Usage is very simple, call rstyle(axes) just before showing or saving your figure. It is key to call it after all drawing and axis manipulation has been done, because it will be reading the major tick positions to work out where to put the minors.

from pylab import *
import scipy.stats

t = arange(0.0, 100.0, 0.1)
s = sin(0.1*pi*t)*exp(-t*0.01)
fig = plt.figure()
ax = fig.add_subplot(111)

plot(t,s, label = "Original")
plot(t,s*2, label = "Doubled")

ax.legend()
rstyle(ax)
plt.show()

I have also included a function that creates a ggplot style histogram for you. This is nothing more than setting some default parameters to the hist function.

from pylab import *
import scipy.stats

t = arange(0.0, 100.0, 0.1)
s = sin(0.1*pi*t)*exp(-t*0.01)

fig = plt.figure()
ax = fig.add_subplot(111)

data = scipy.stats.norm.rvs(size = 1000)
rhist(ax, data, label = "Histogram")
ax.legend()
rstyle(ax)
plt.show()

There is also a slightly more involved boxplot function which handles fill colours and names for you.

from pylab import *
import scipy.stats
data = [scipy.stats.norm.rvs(size = 100), scipy.stats.norm.rvs(size = 100), scipy.stats.norm.rvs(size = 100)]
fig = plt.figure()
ax = fig.add_subplot(111)
ax.legend()
rbox(ax, data, names = ("One", "Two", "Three"), colors = ('white', 'cyan'))
rstyle(ax)

Finally, with a bit of help from Justin Peel over at StackOverflow, you can get some really nice graphics going that you won’t be ashamed to put in your published material or presentation.

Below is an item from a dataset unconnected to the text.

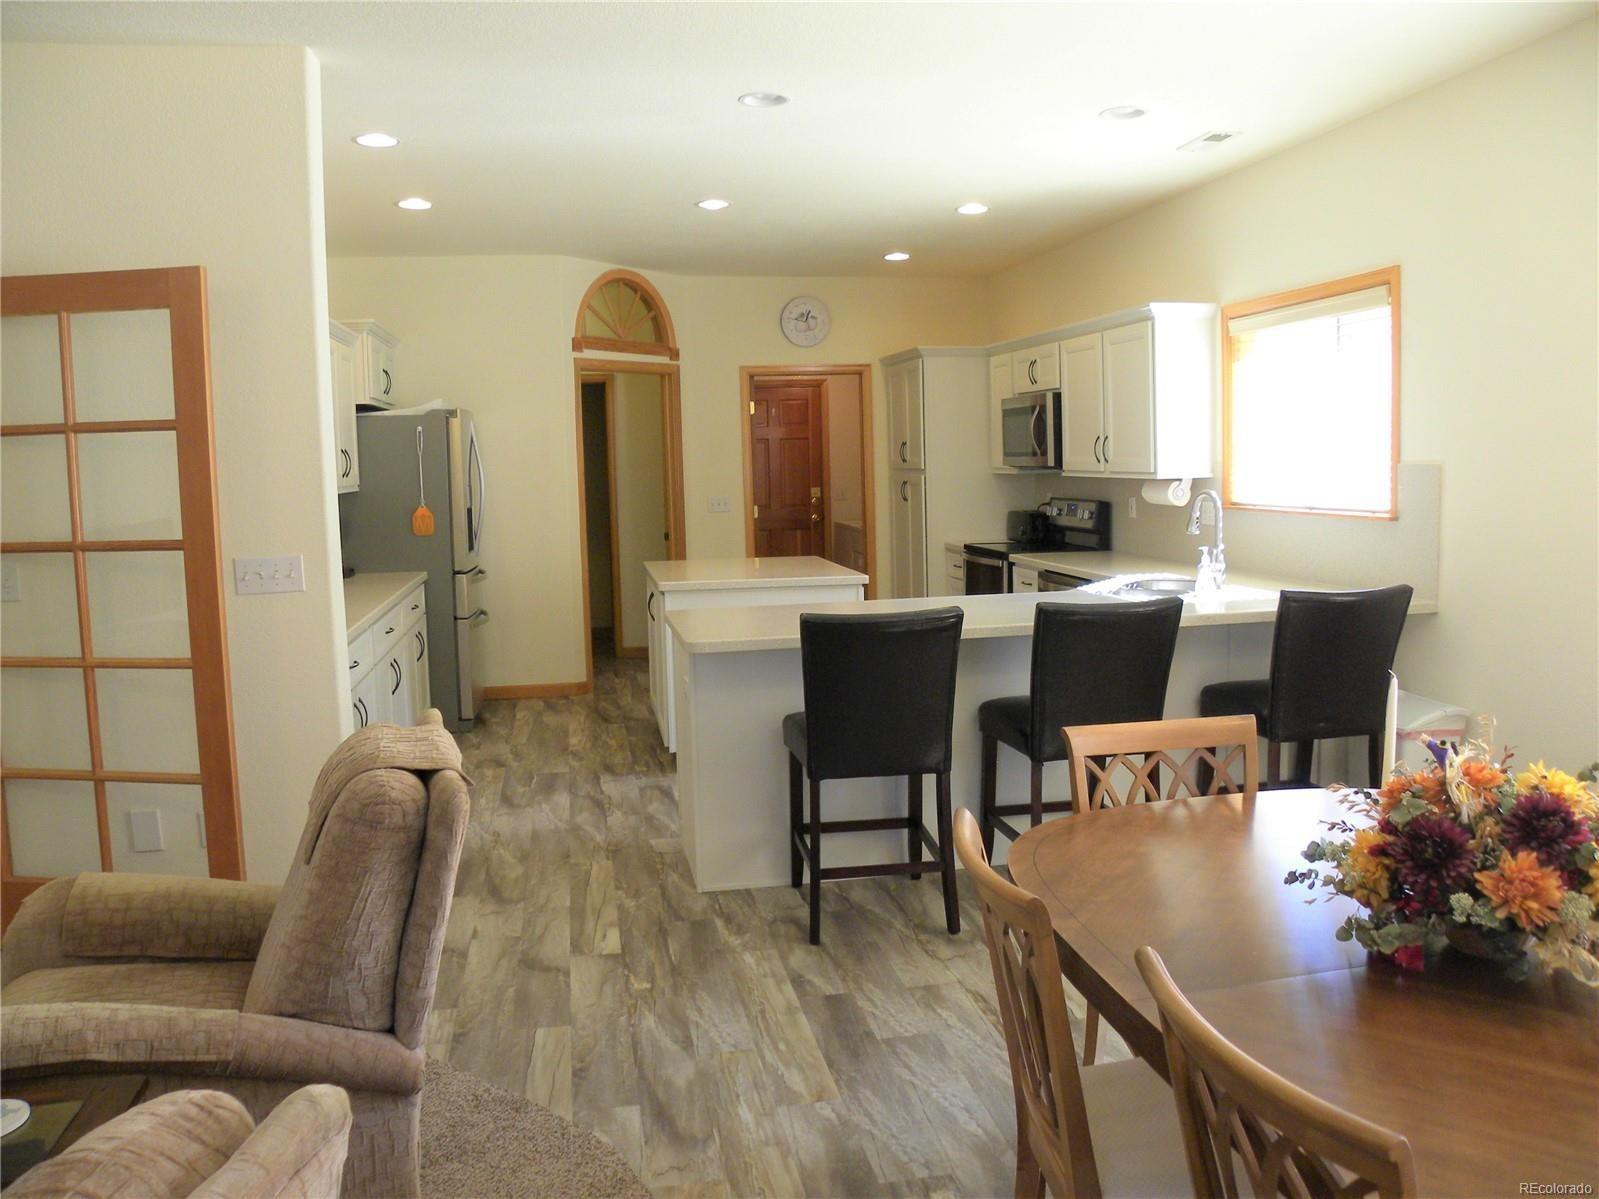 MLS# 5924977 - 6 - 1017 Cedarcrest Drive, Pueblo, CO 81005

I have only used these scripts in my fairly limited scenario and there are several obvious things such as the requirement to pass an axes, the enforcement of minor ticks at 1/2 majors, and the fact that I haven’t really done much with the legend, but it should be enough to get you started in your projects. Happy visualizating!